Output the listing below verbatim, without images.

GIVEN MATERIAL:
□ □ □ □ □

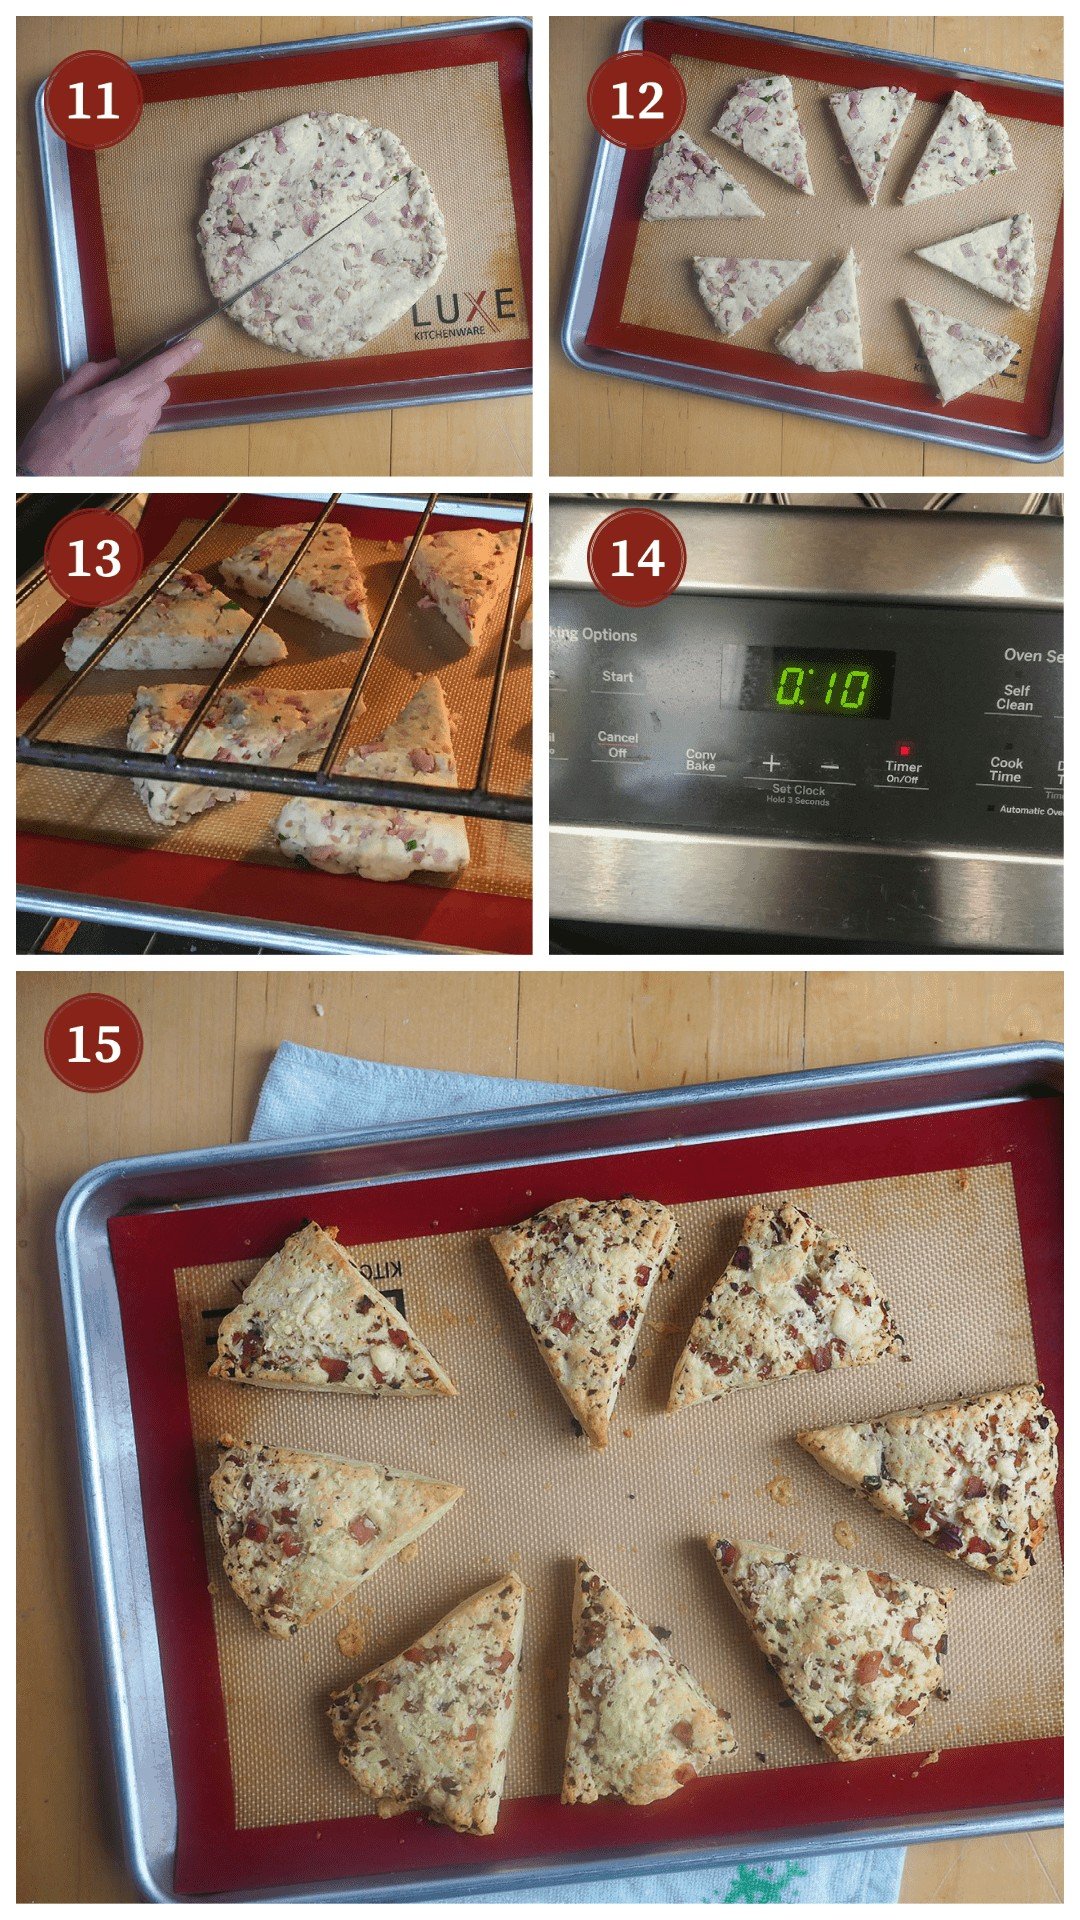 A collage of images showing how to make ham and cheese scones, steps 11 - 15.
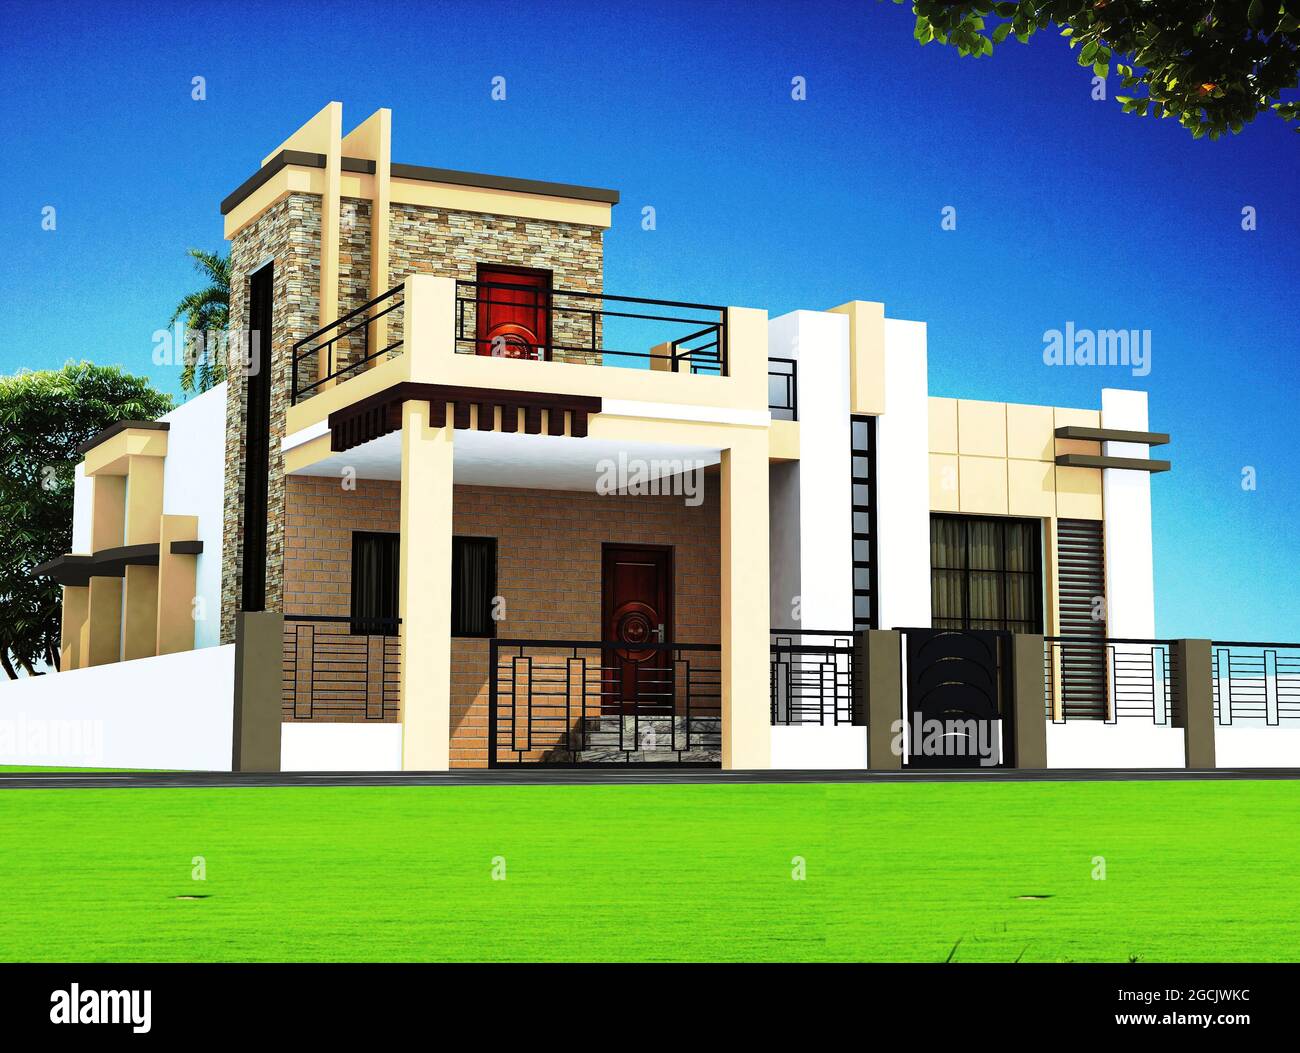 3D rendering of a duplex house with an abstract exterior design ...
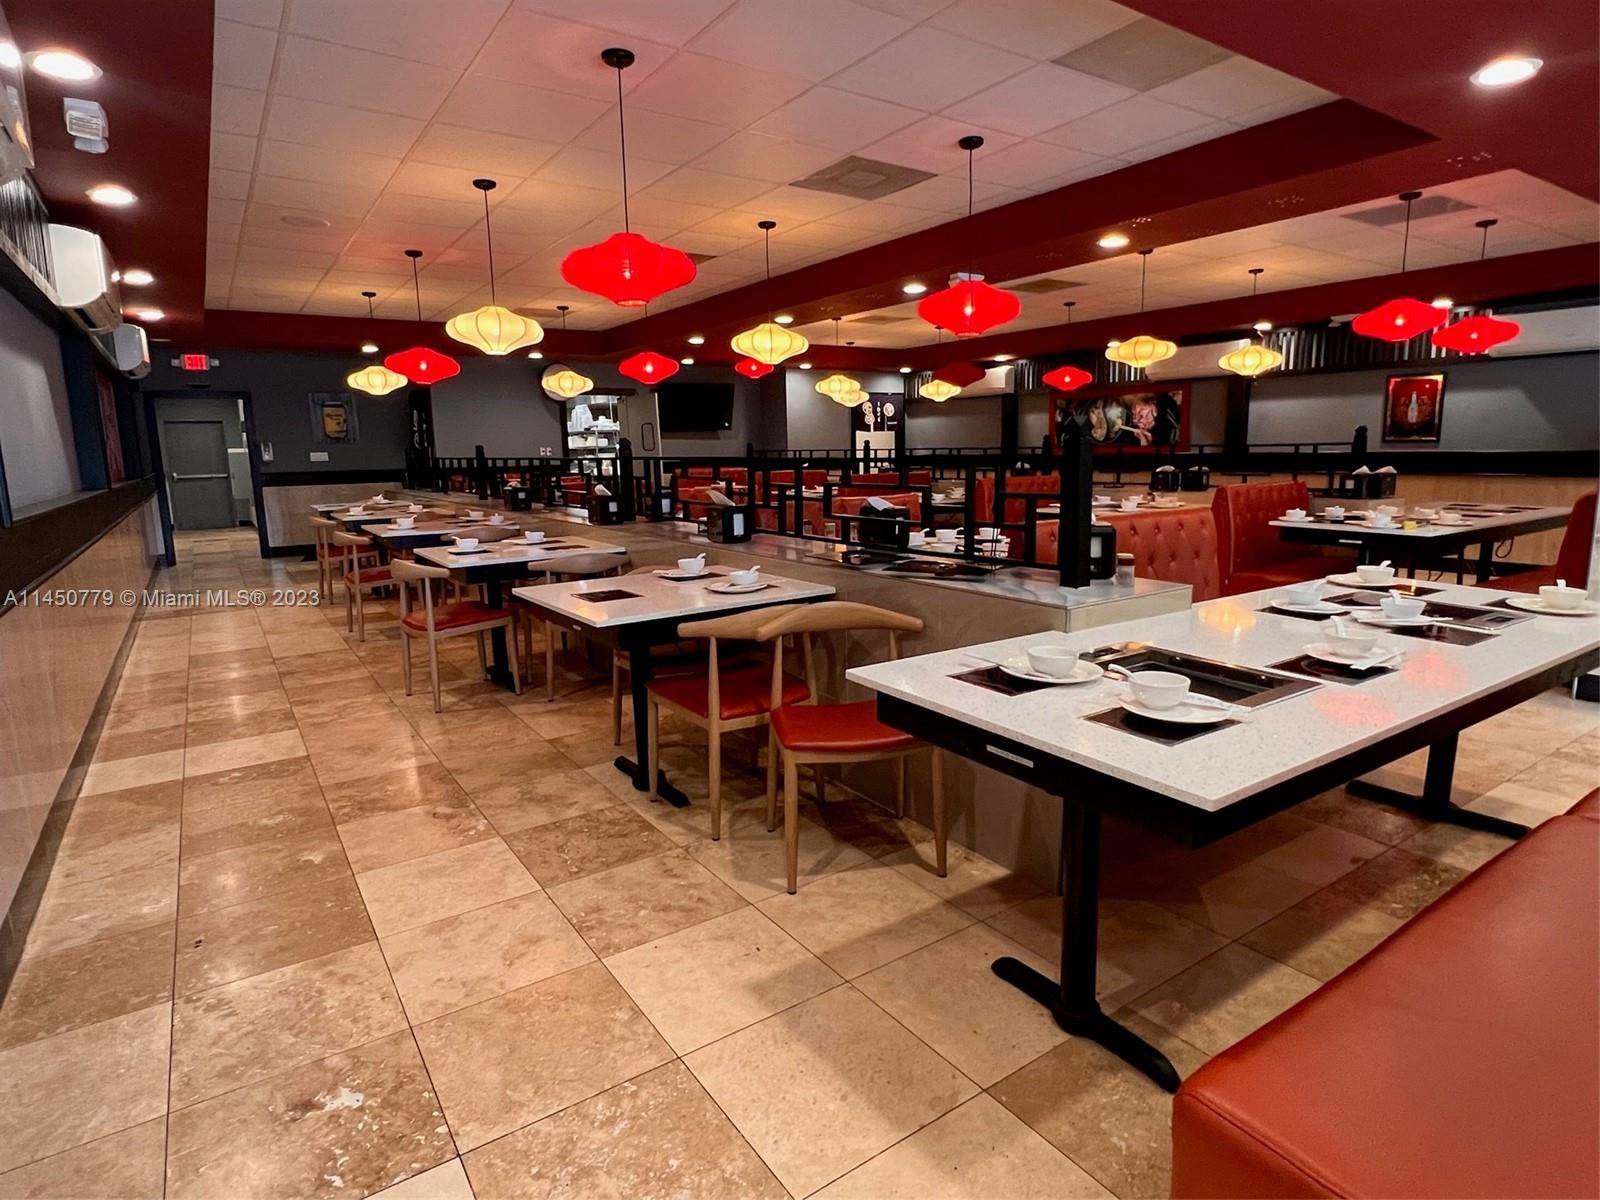 Excellent opportunity to purchase newly built turnkey Korean BBQ hotpot restaurant 3, 300sf in Fort Lauderdale for a fraction of buildout cost.

□ □ □ □ □

COMPLETED EXERCISE:
 A collage of images showing how to make ham and cheese scones, steps 11 - 15.
 3D rendering of a duplex house with an abstract exterior design ...
 Excellent opportunity to purchase newly built turnkey Korean BBQ hotpot restaurant 3, 300sf in Fort Lauderdale for a fraction of buildout cost.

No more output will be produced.